L’Union européenne a réautorisé les plateformes à détecter des contenus pédopornographiques dans les conversations de leurs utilisateurs, à l’exception de celles protégées par un chiffrement de bout en bout. Depuis près de quatre mois, les plateformes opéraient dans un vide juridique au sein de l’UE, faute d’accord entre les pays membres et les eurodéputés sur le cadre légal encadrant ces détections. Ce dernier ayant expiré début avril, les scans étaient suspendus. Les nouvelles règles, adoptées jeudi, autorisent à nouveau ces détections, sans toutefois les rendre obligatoires. Ce texte temporaire ne s’appliquera que jusqu’en avril 2028.
Nathalie Meurens, membre d’une coalition d’ONG de protection de l’enfance : « L’UE doit désormais mettre en place un cadre juridique durable qui donne la priorité aux droits et à la sécurité des enfants. »

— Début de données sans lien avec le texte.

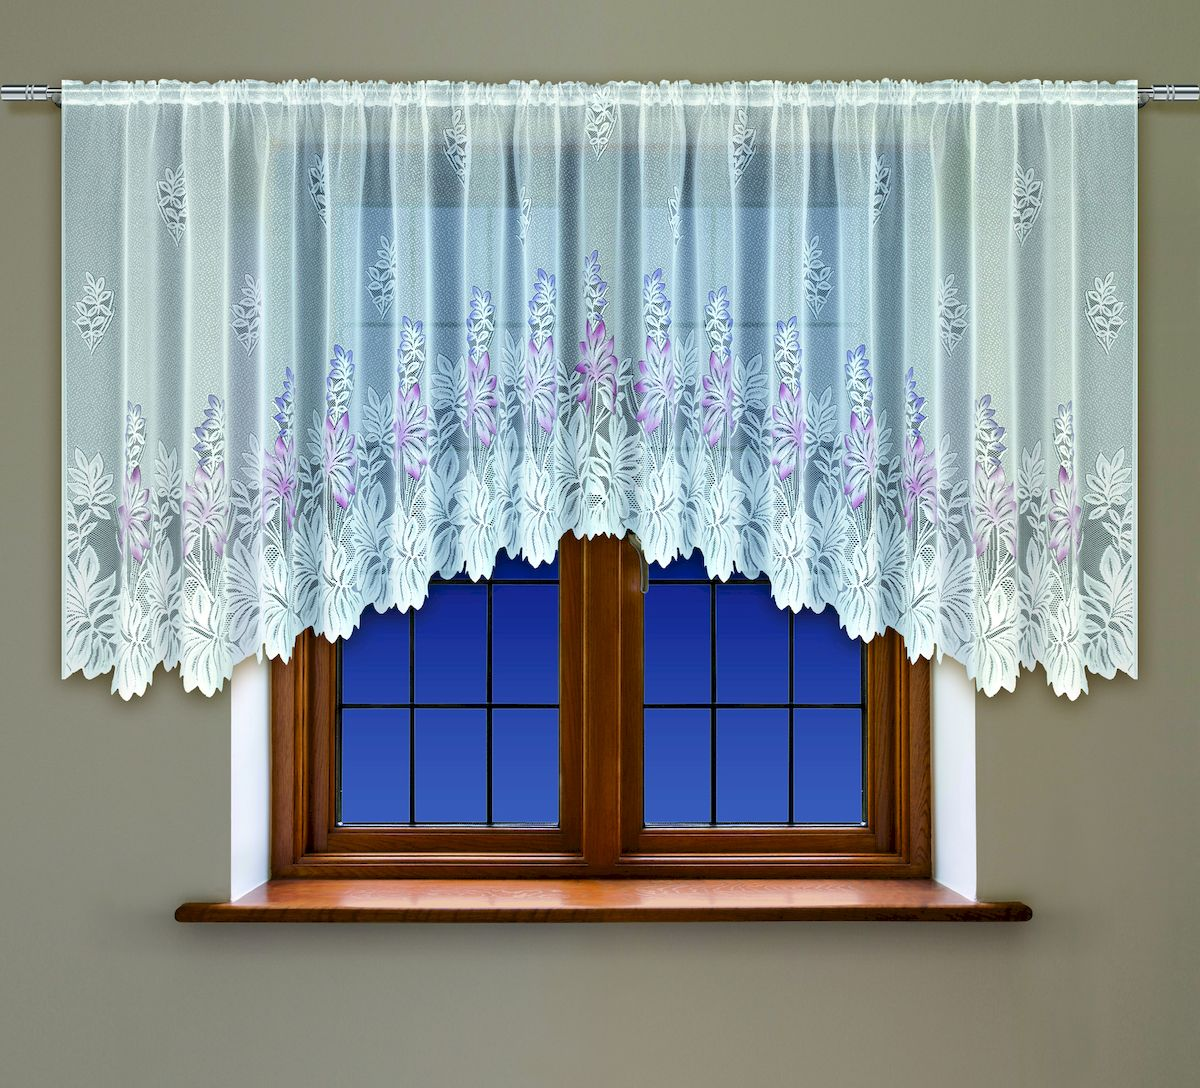 Гардина Haft, на кулиске, цвет: белый, высота 137 см. 20053039111448670Воздушная гардина Haft, выполненная из полиэстера, великолепно украсит любое окно.Изделие имеет оригинальный дизайн и органично впишется в интерьер помещения.Гардина крепится на карниз при помощи кулиски.

Patrick Breyer, militant et ancien eurodéputé : « Il faut abandonner l'illusion de sécurité offerte par la surveillance de masse … Une véritable protection des enfants passe par des enquêtes ciblées, menées sous couverture contre de véritables suspects, par la recherche systématique et le retrait des contenus pédopornographiques accessibles au public à la source. »
La mesure temporaire, surnommée "chat control" par les défenseurs de la vie privée, a suscité la controverse en raison de son potentiel dangereux en matière de surveillance des messages privés. Début octobre, le Parlement européen a voté la prolongation du régime temporaire jusqu’au 3 avril 2028, alors que les responsables politiques de l’UE négocient une solution permanente visant à instaurer des règles contraignantes plutôt que des mesures volontaires. Dans un ultime effort, des députés du centre gauche ont déposé un amendement majeur excluant le chiffrement de bout en bout du champ d’application, espérant ainsi inciter les États membres à rejeter le texte.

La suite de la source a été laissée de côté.